**DIRECTIONS FOR THIS TASK:** Only the lines from the top of the listing below to the line that has "Weißes Öko-T-Shirt mit" should be echoed, with both ends kept and pictures left out.

**DATASET CONTENT:**
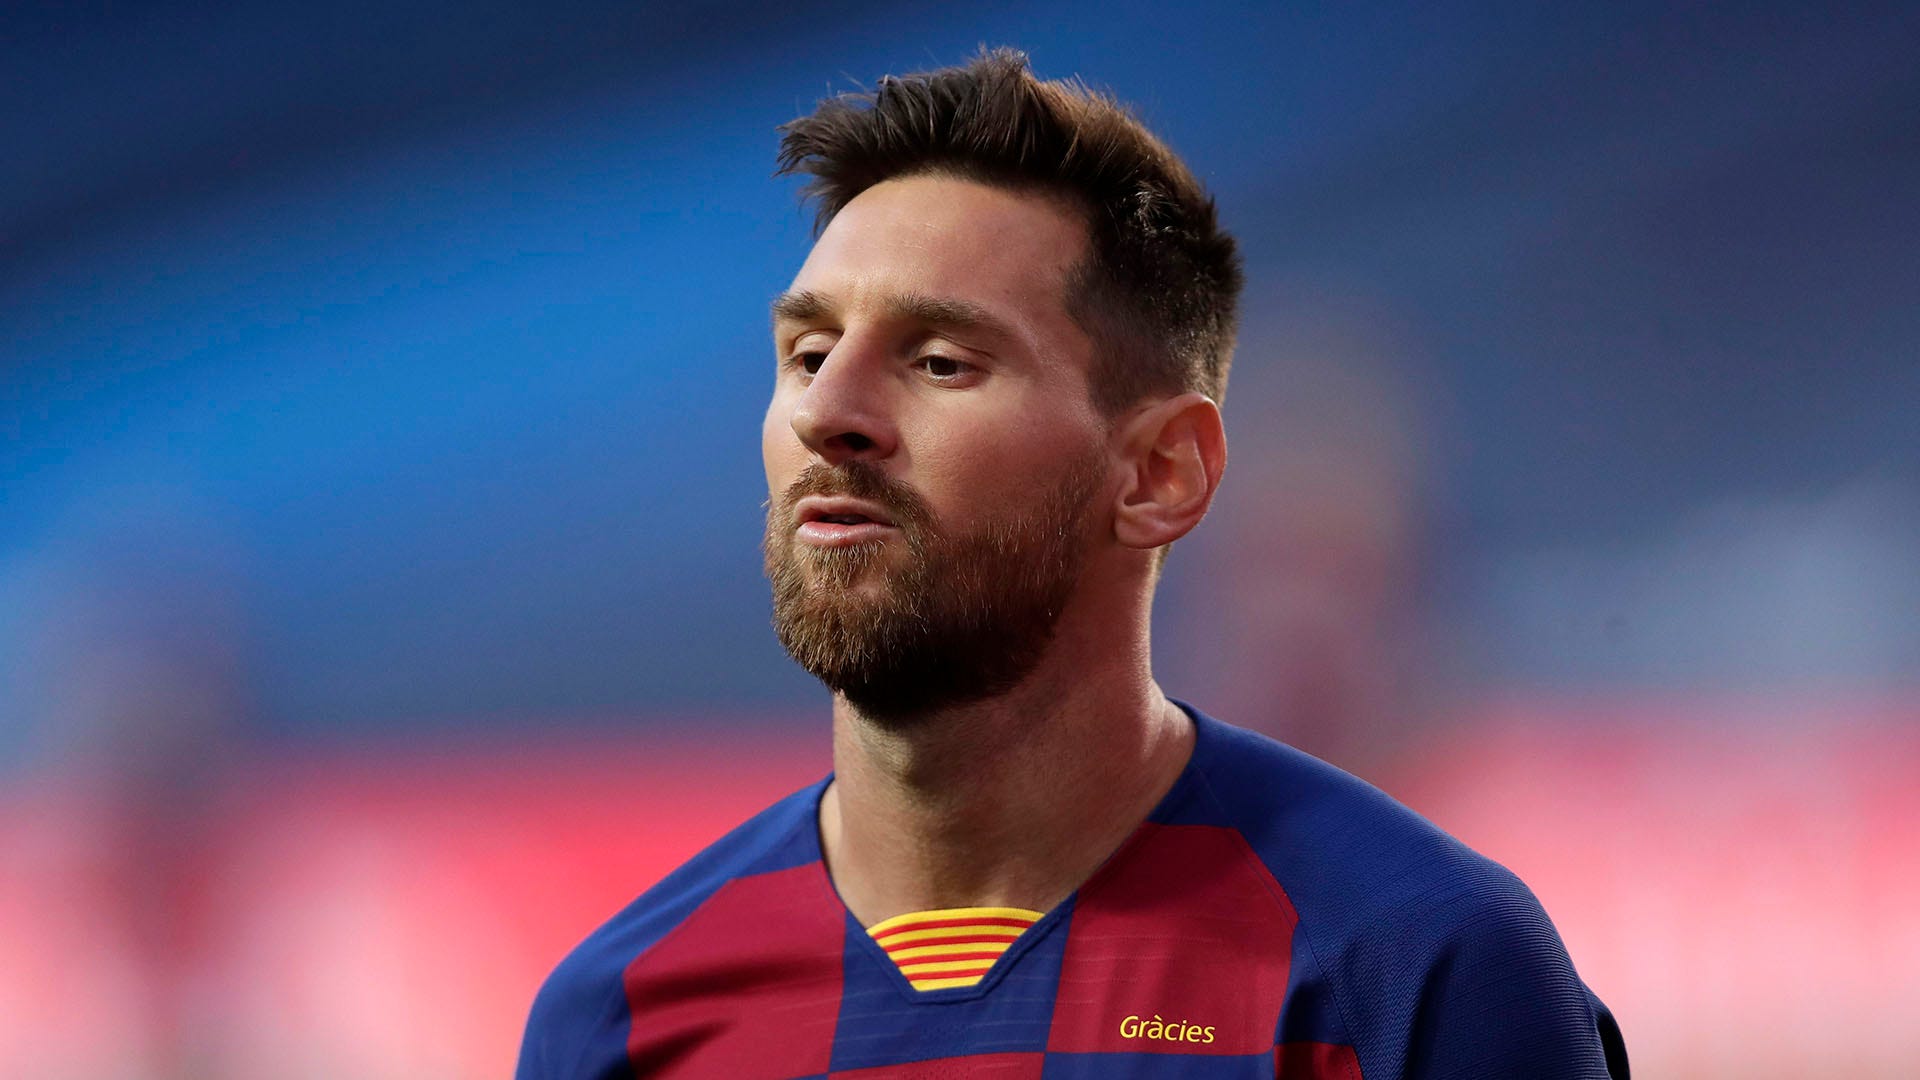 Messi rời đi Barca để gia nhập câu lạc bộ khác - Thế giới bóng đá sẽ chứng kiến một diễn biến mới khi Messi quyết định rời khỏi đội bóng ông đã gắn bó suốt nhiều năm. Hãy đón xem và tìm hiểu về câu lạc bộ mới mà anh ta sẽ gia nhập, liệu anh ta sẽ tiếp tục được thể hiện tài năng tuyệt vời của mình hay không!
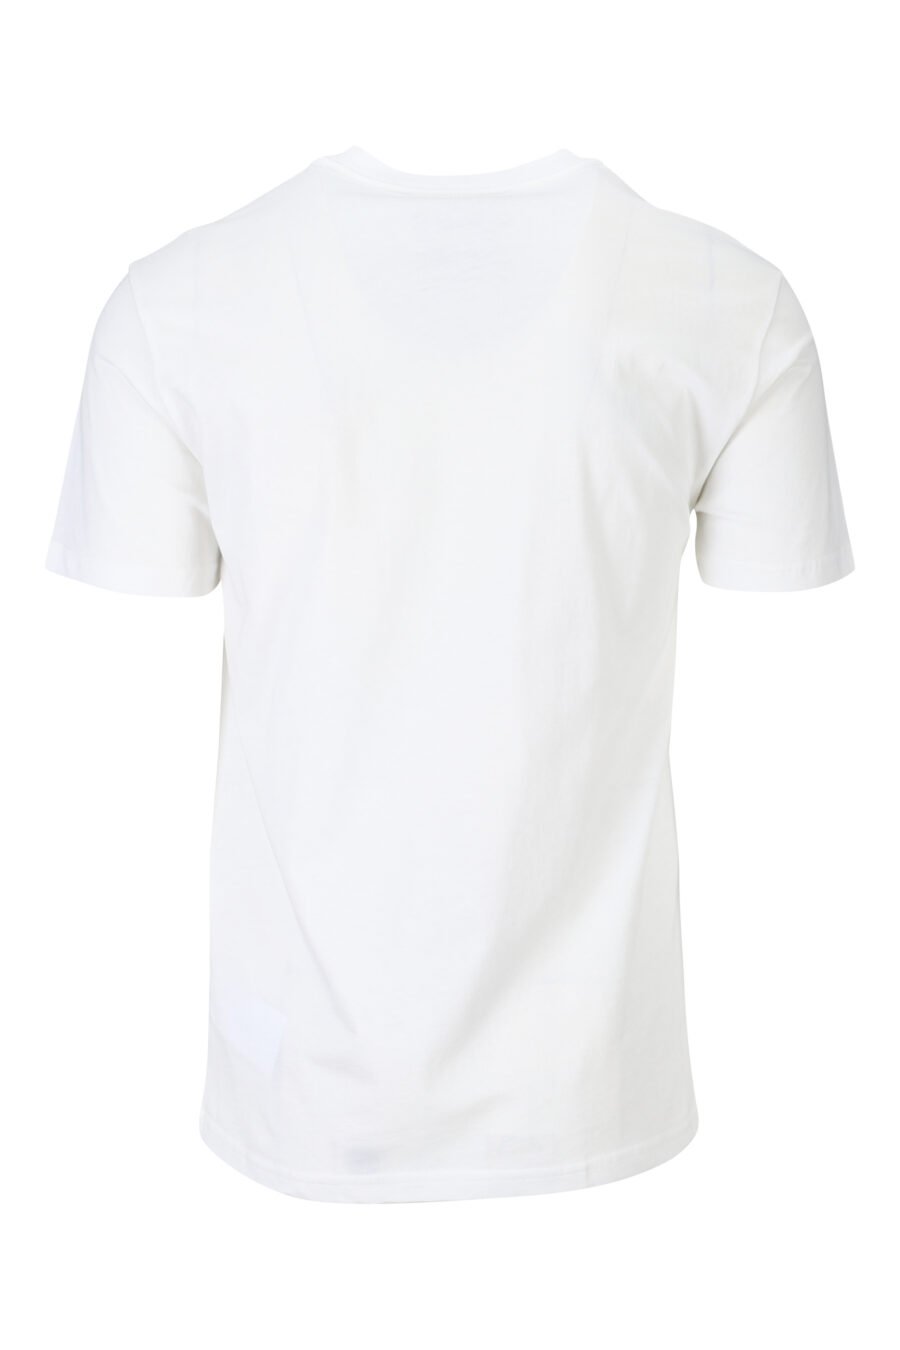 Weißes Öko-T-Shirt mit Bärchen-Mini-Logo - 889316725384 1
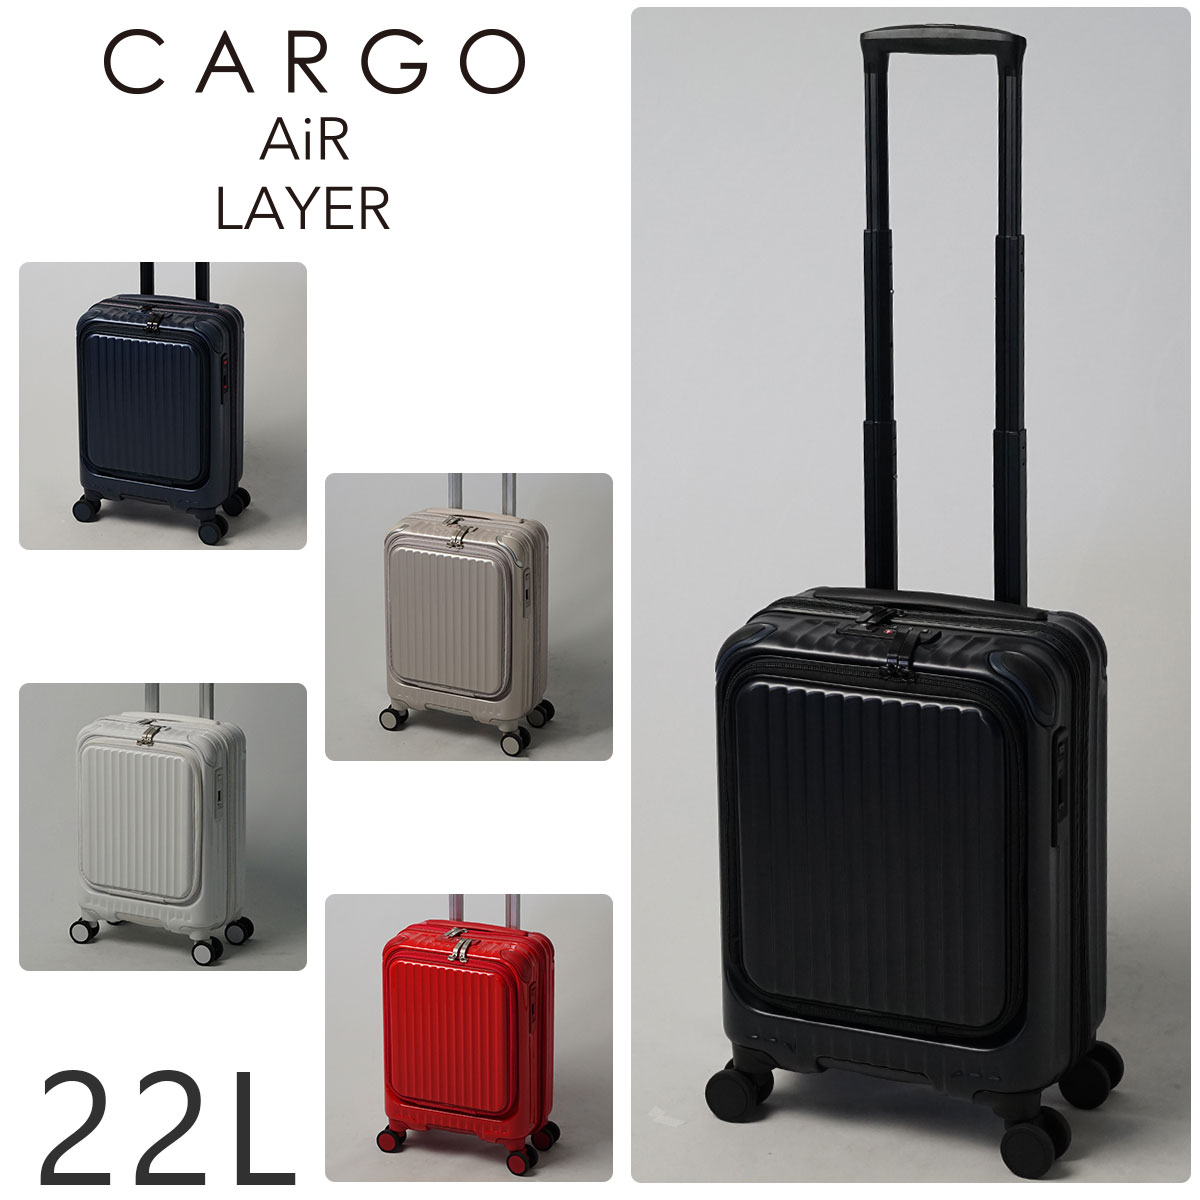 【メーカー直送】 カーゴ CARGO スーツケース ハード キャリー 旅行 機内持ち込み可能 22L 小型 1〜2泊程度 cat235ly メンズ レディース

**ANSWER SECTION:**
 Messi rời đi Barca để gia nhập câu lạc bộ khác - Thế giới bóng đá sẽ chứng kiến một diễn biến mới khi Messi quyết định rời khỏi đội bóng ông đã gắn bó suốt nhiều năm. Hãy đón xem và tìm hiểu về câu lạc bộ mới mà anh ta sẽ gia nhập, liệu anh ta sẽ tiếp tục được thể hiện tài năng tuyệt vời của mình hay không!
 Weißes Öko-T-Shirt mit Bärchen-Mini-Logo - 889316725384 1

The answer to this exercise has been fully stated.